» Data section:
★ ★ ★
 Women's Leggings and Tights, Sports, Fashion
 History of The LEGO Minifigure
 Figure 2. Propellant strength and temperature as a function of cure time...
★ ★ ★
» What is being asked: Go through the data and copy each line exactly as it reads.

» Answer section:
 Women's Leggings and Tights, Sports, Fashion
 History of The LEGO Minifigure
 Figure 2. Propellant strength and temperature as a function of cure time...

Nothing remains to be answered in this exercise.